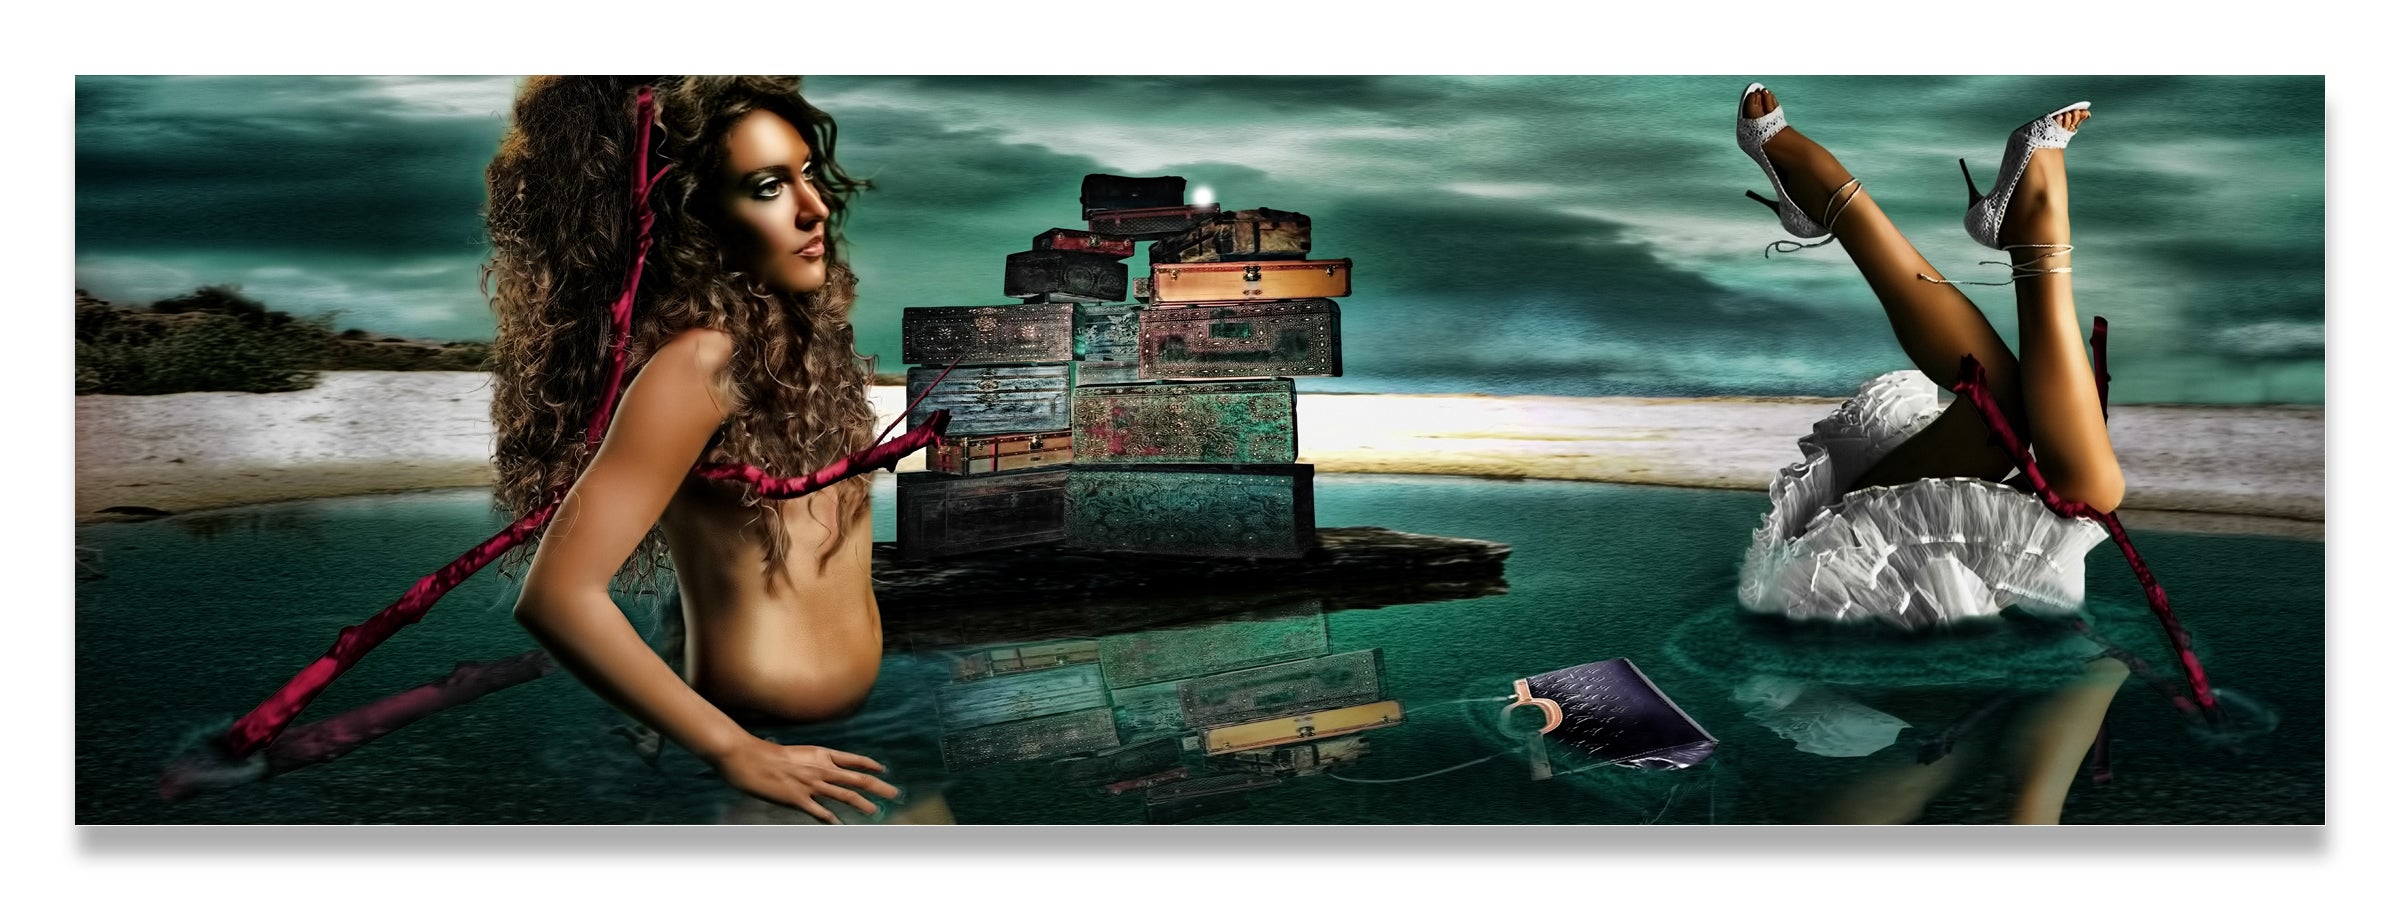 Louii Vuitton vs Salvador Dali- Disjointed Woman Floating in Water with Red Crutches and Surreal Clouds-Fine Art Print
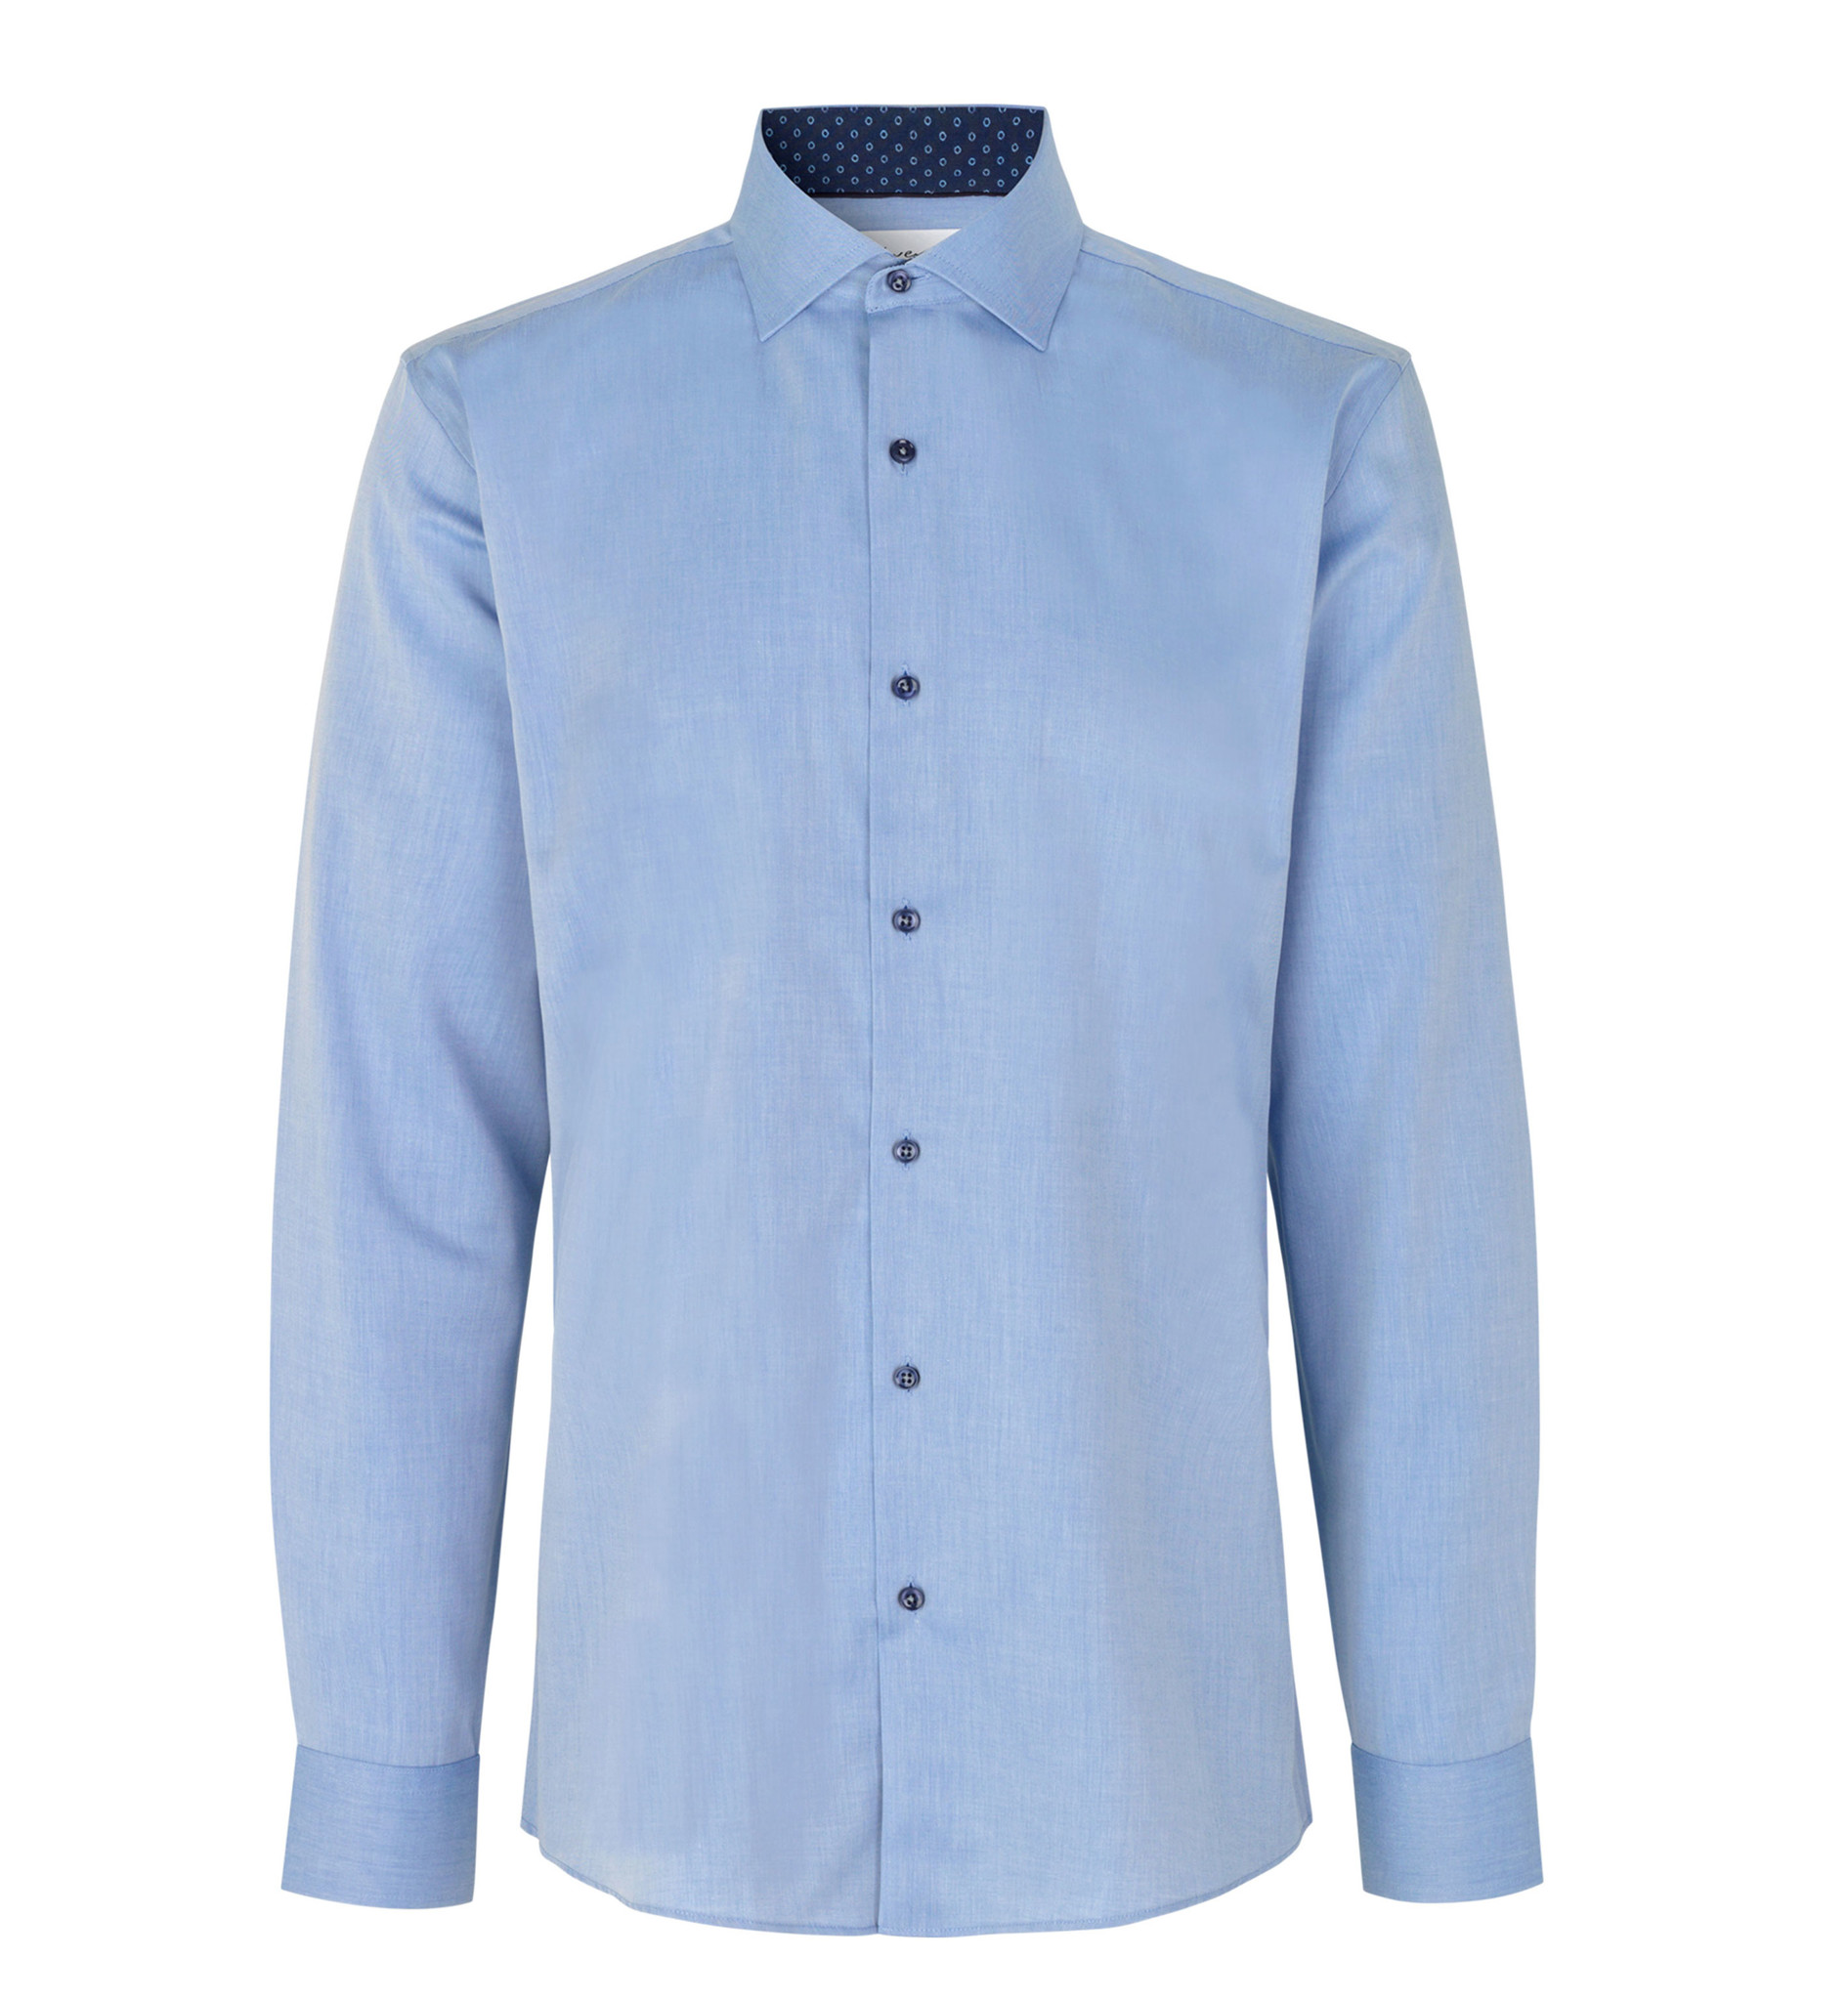 Picture of Fine twill contrast men's shirt
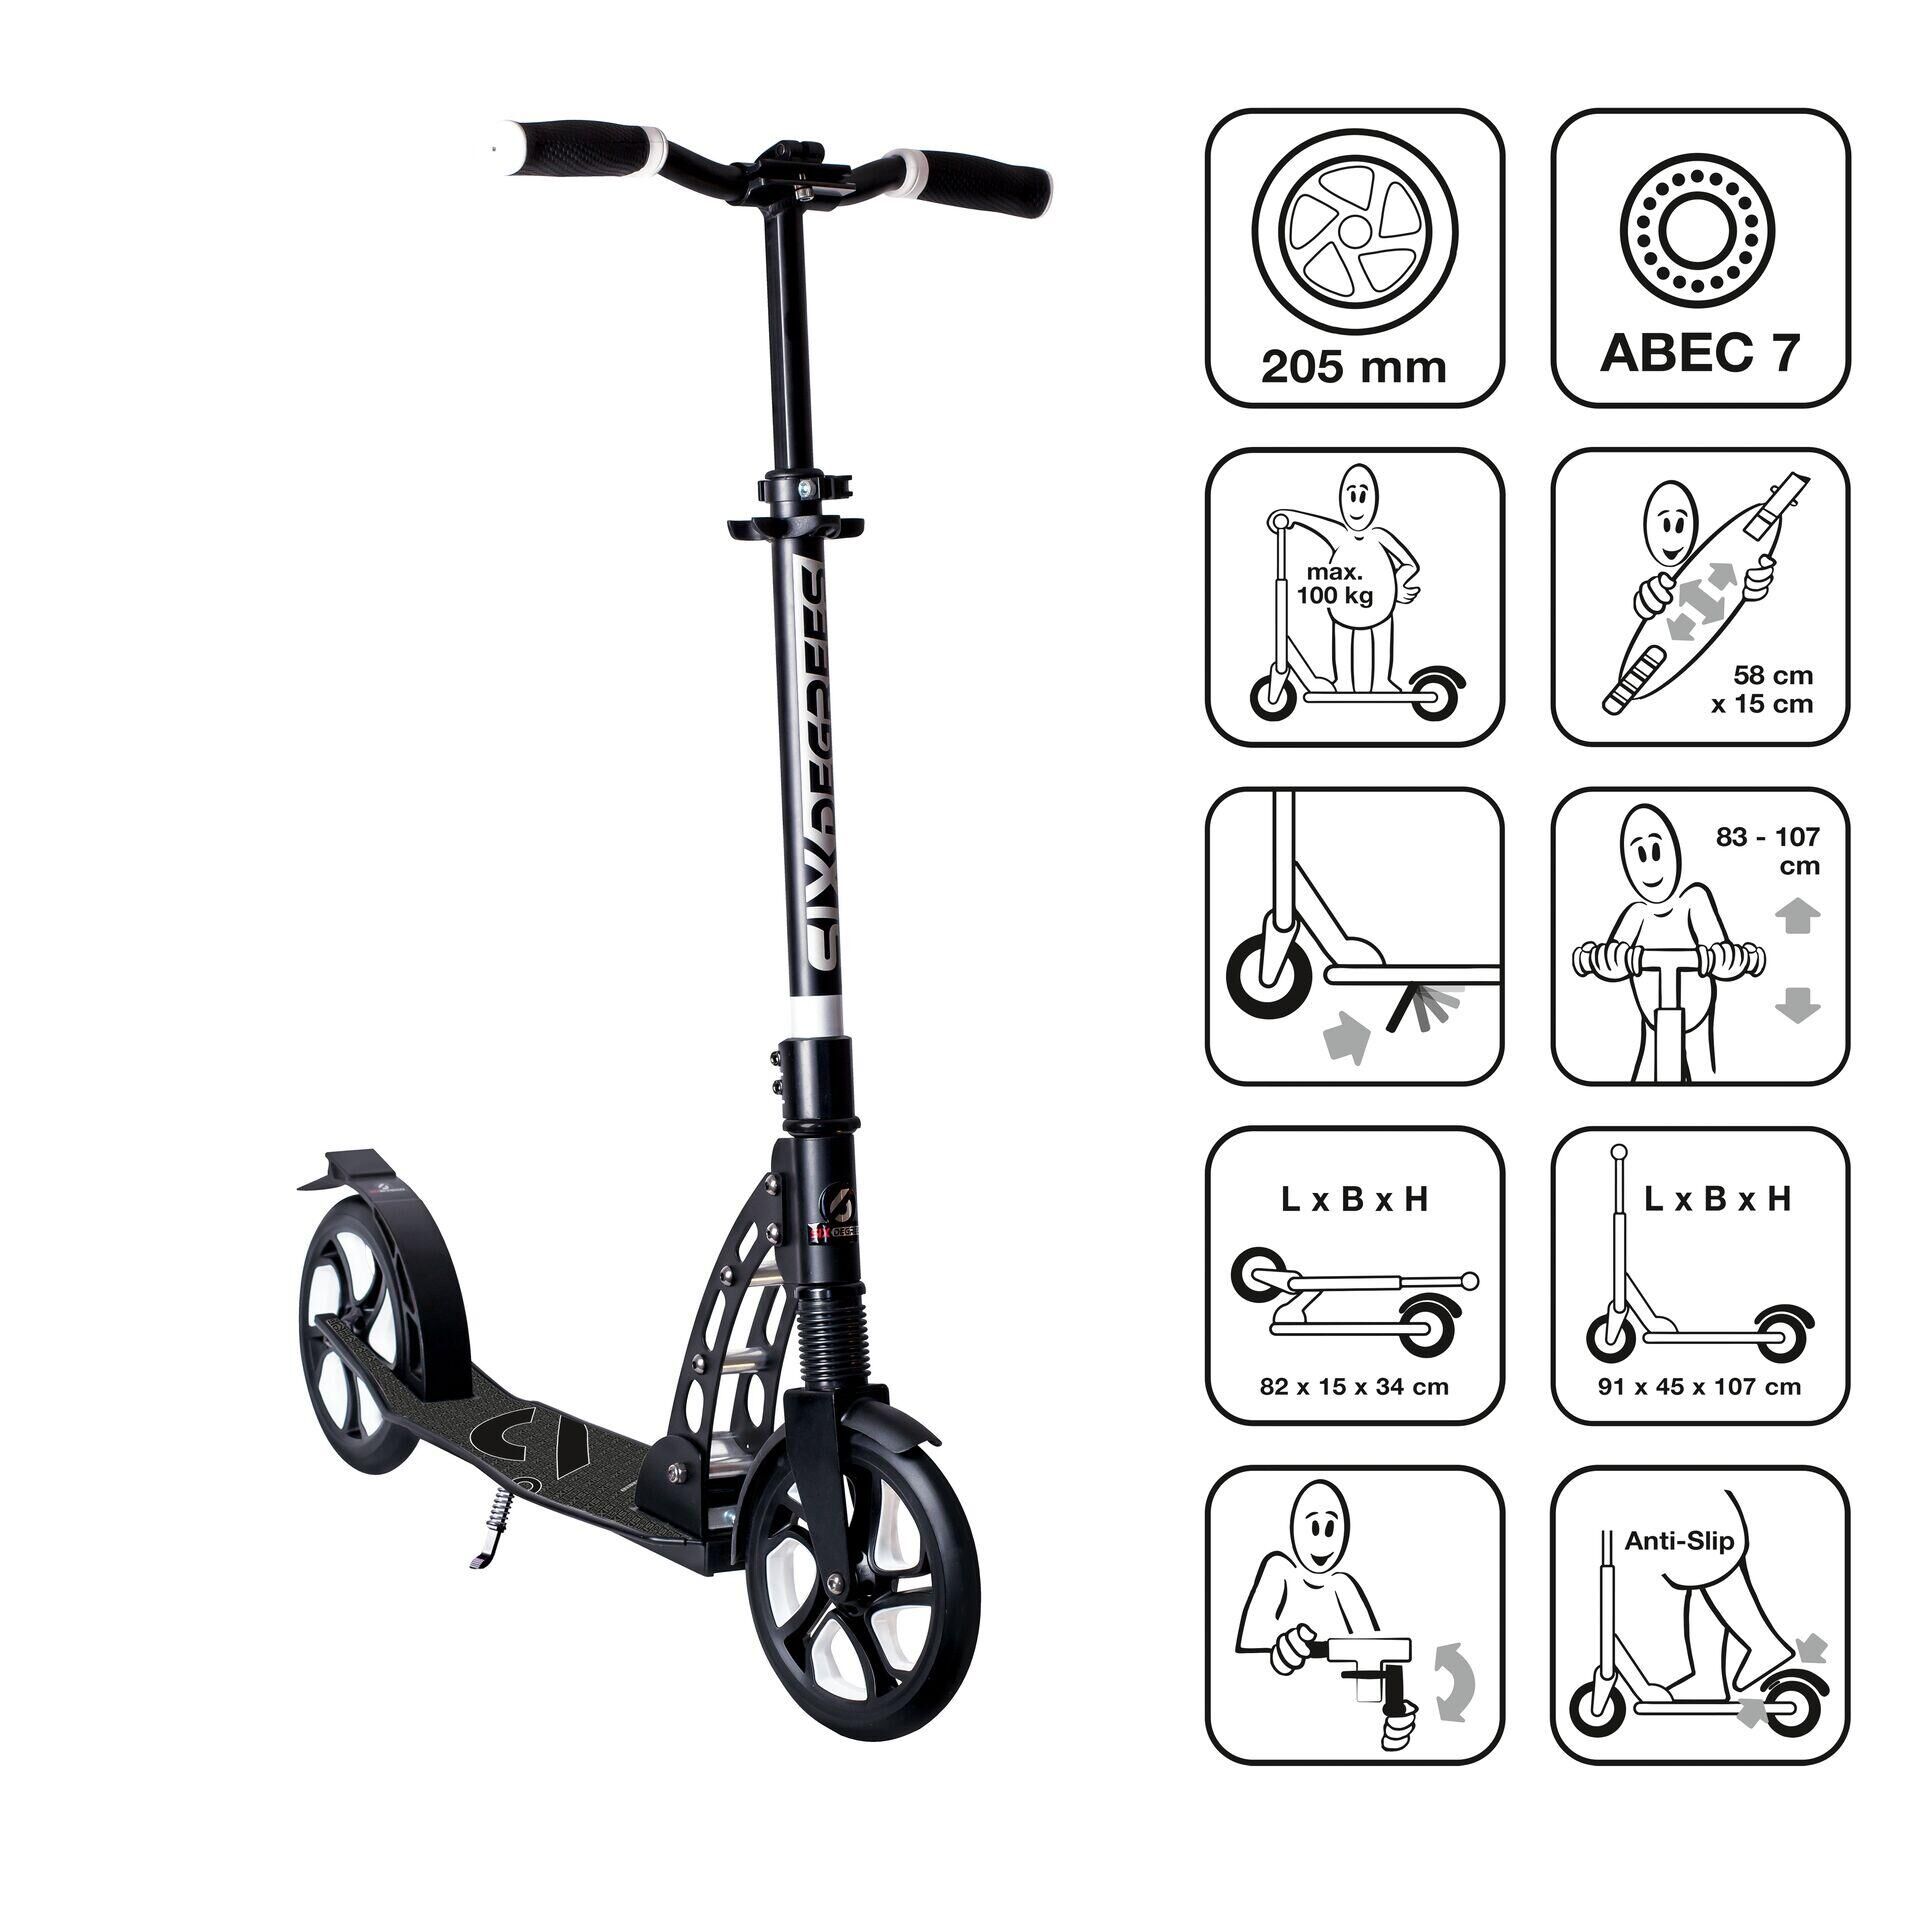 SIX DEGREES SIX DEGREES Kick Scooter with Suspension 205mm black

TASK DIRECTIONS: Word for word, retype the lines from the one with "Picture of Fine twill contrast men's shirt" through the final line of the data, both included. No pictures belong in the copy.

PROBLEM SOLUTION:
 Picture of Fine twill contrast men's shirt
 SIX DEGREES SIX DEGREES Kick Scooter with Suspension 205mm black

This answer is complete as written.